Finally, we investigated bone resorption in Ffar4(dE1/dE1) mice by using microfocus CT. There was no significant difference between the ratio of bone resorption area in wild type and Ffar4(dE1/dE1) mice administered LPS alone. In contrast, a marked decrease was observed in the ratio of bone resorption area in wild type mice co-administered LPS and DHA, while no significant change was observed in Ffar4(dE1/dE1) mice co-administered LPS and DHA compared with respective mice that received LPS alone (Figure 6E).
Discussion
Favorable effect of food intake and supplement of n-3 fatty acids such as DHA were provided against skeletal disorders such as osteoporosis and rheumatoid arthritis (19, 20). There are some in vitro studies of effect of DHA on osteoclast formation by using RAW264.7 cell (34, 39) and human CD14+ monocytes (33). GPR120, which is one of the cell surface receptor, has an important role in the regulation of inflammation. Therefore, GPR120 is being watched with keep interest as one of the potential therapeutic target in several inflammatory disorders. In this study, we showed that DHA inhibits LPS-induced osteoclast formation and bone resorption in vivo via GPR120 by inhibiting LPS-induced TNF-α production in macrophages and directly inhibiting osteoclast formation.

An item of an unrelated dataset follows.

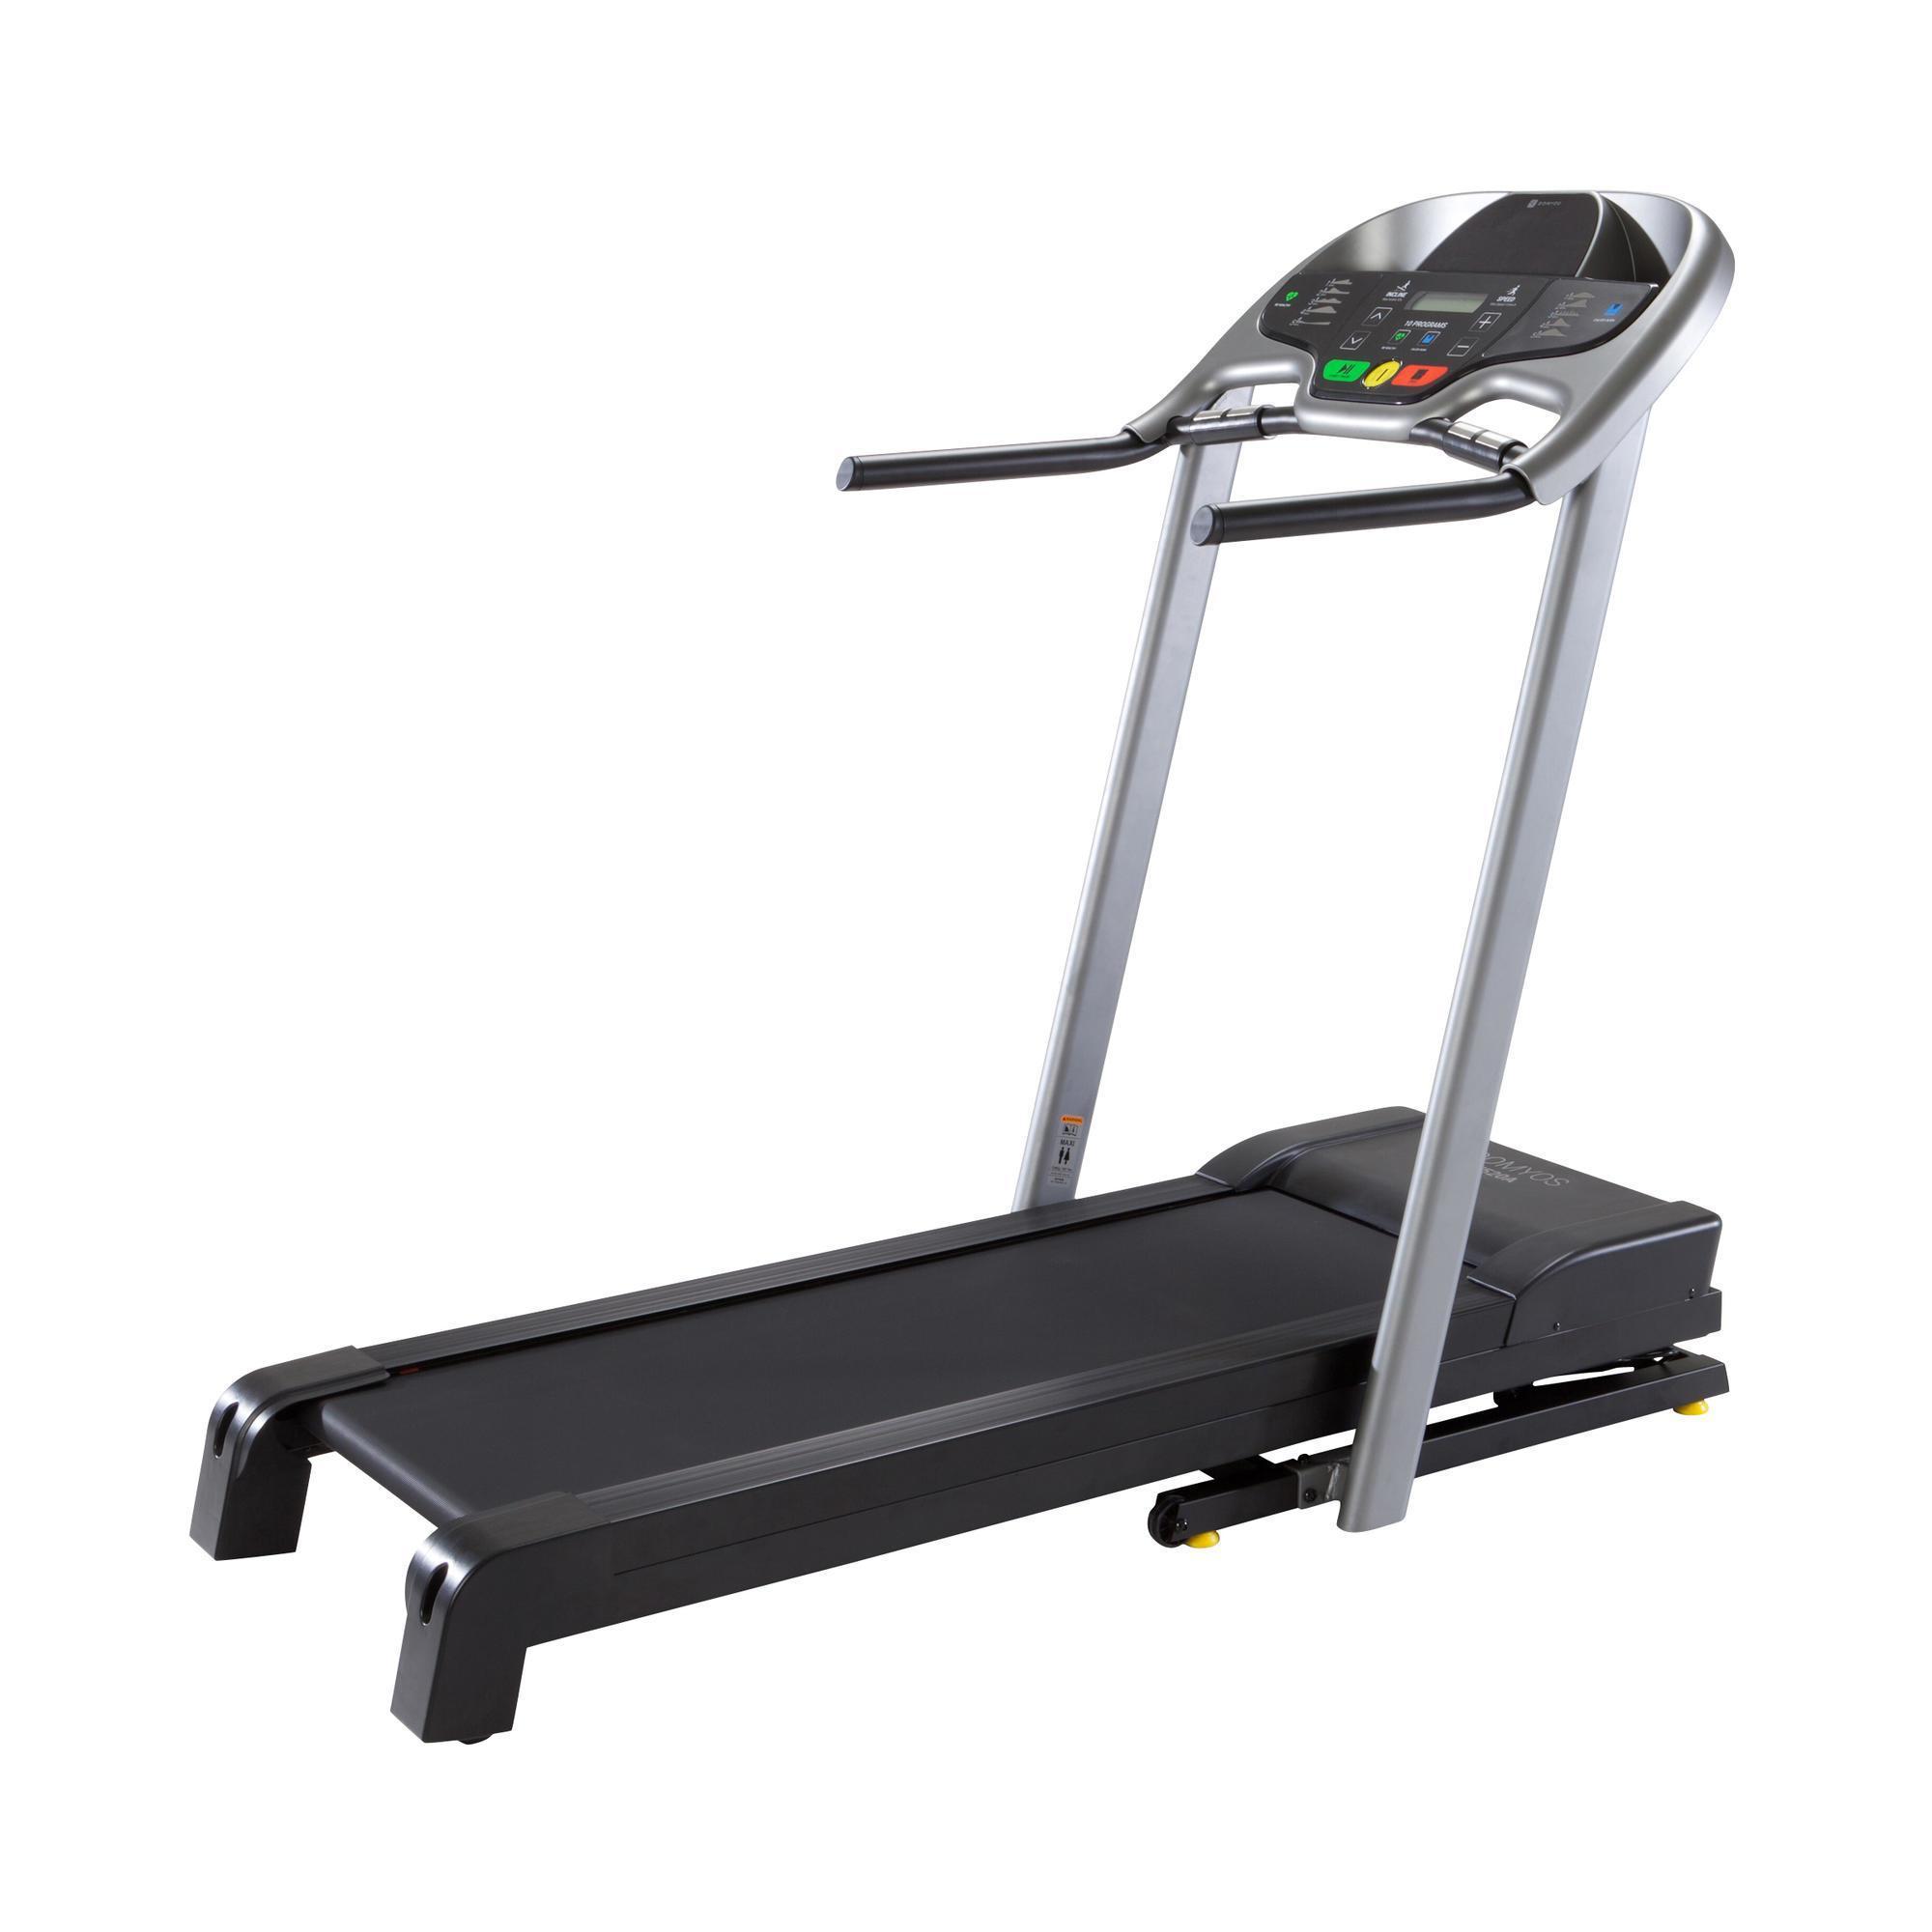 t520a treadmill domyos by decathlon

In the present study, we focused on GPR120, because several studies showed GPR120 is highly expressed in RAW264.7 cells, intraperitoneal macrophages, osteoclast precursors and osteoclast (27, 40, 41). It has been reported that DHA can activate not only GPR120 but also GPR40 (42). GPR40 activation by using its selective agonist GW9508 by blocked osteoclast formation (43). However, Kim et al. reported that GPR120 was highly expressed but GPR40 is very low in osteoclast precursors and osteoclast (41). Therefore, we thought that GPR120 might play important role in osteoclast formation and function.

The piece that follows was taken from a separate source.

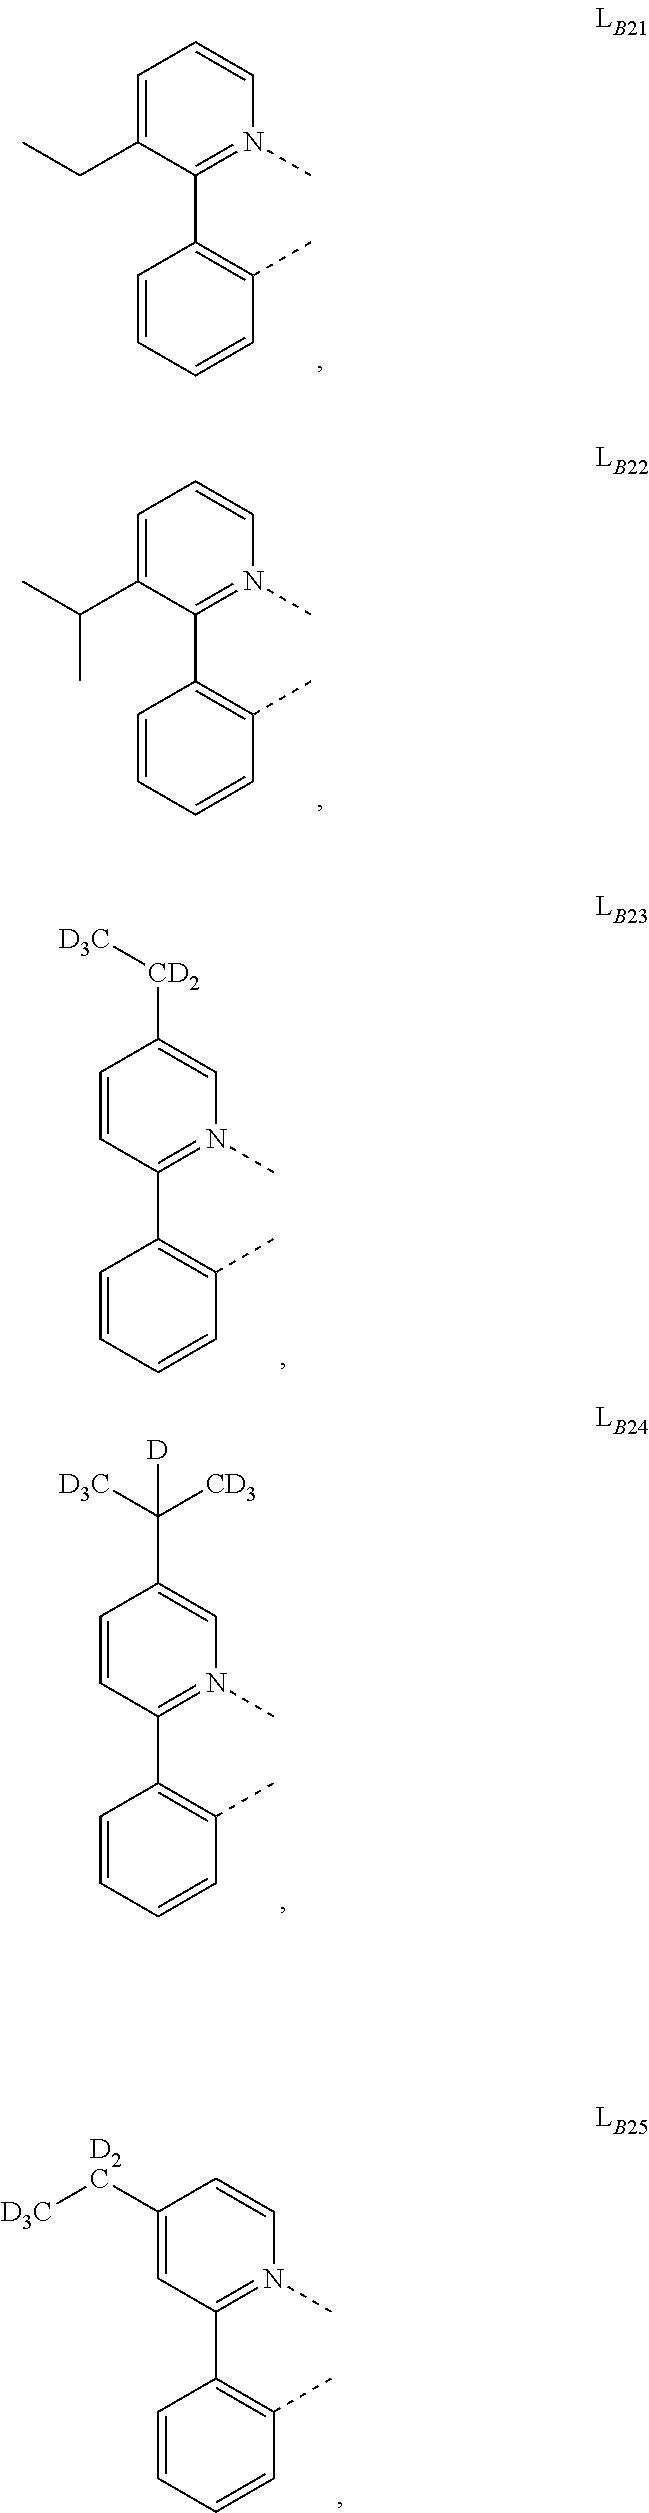 Figure US20160049599A1-20160218-C00118

Several studies showed that DHA inhibits osteoclast formation in vitro. Kim et al. reported that DHA inhibits RANKL-induced osteoclast formation in primary murine macrophages by suppressing the activation of NF-kB and MAPKs (44). Sun et al. also showed that DHA inhibits RANKL-induced osteoclast formation in bone marrow macrophages (32). Furthermore, DHA reduces RANKL-induced osteoclast formation in RAW 264.7 cells (34, 39) by inhibition of c-Fos expression (34). It has also been reported that DHA inhibits osteoclast formation and function in human CD14+ monocytes (33). In the present study, we initially investigated whether DHA can inhibit RANKL- and TNF-α-induced osteoclast formation by directly affecting osteoclast precursors in vitro. Our results indicated that DHA directly inhibited RANKL- and TNF-α-induced differentiation of osteoclast precursors. In addition, we investigated whether DHA inhibits RANKL- and TNF-α-induced osteoclast formation via GPR120 activation by using GPR120 antagonist AH7614 in vitro. AH7614 dose-dependently increased the number of TRAP-positive cells in both RANKL- and TNF-α-induced osteoclast formation in cells cultured with DHA. These results suggested that DHA inhibits osteoclast formation via GPR120 in vitro.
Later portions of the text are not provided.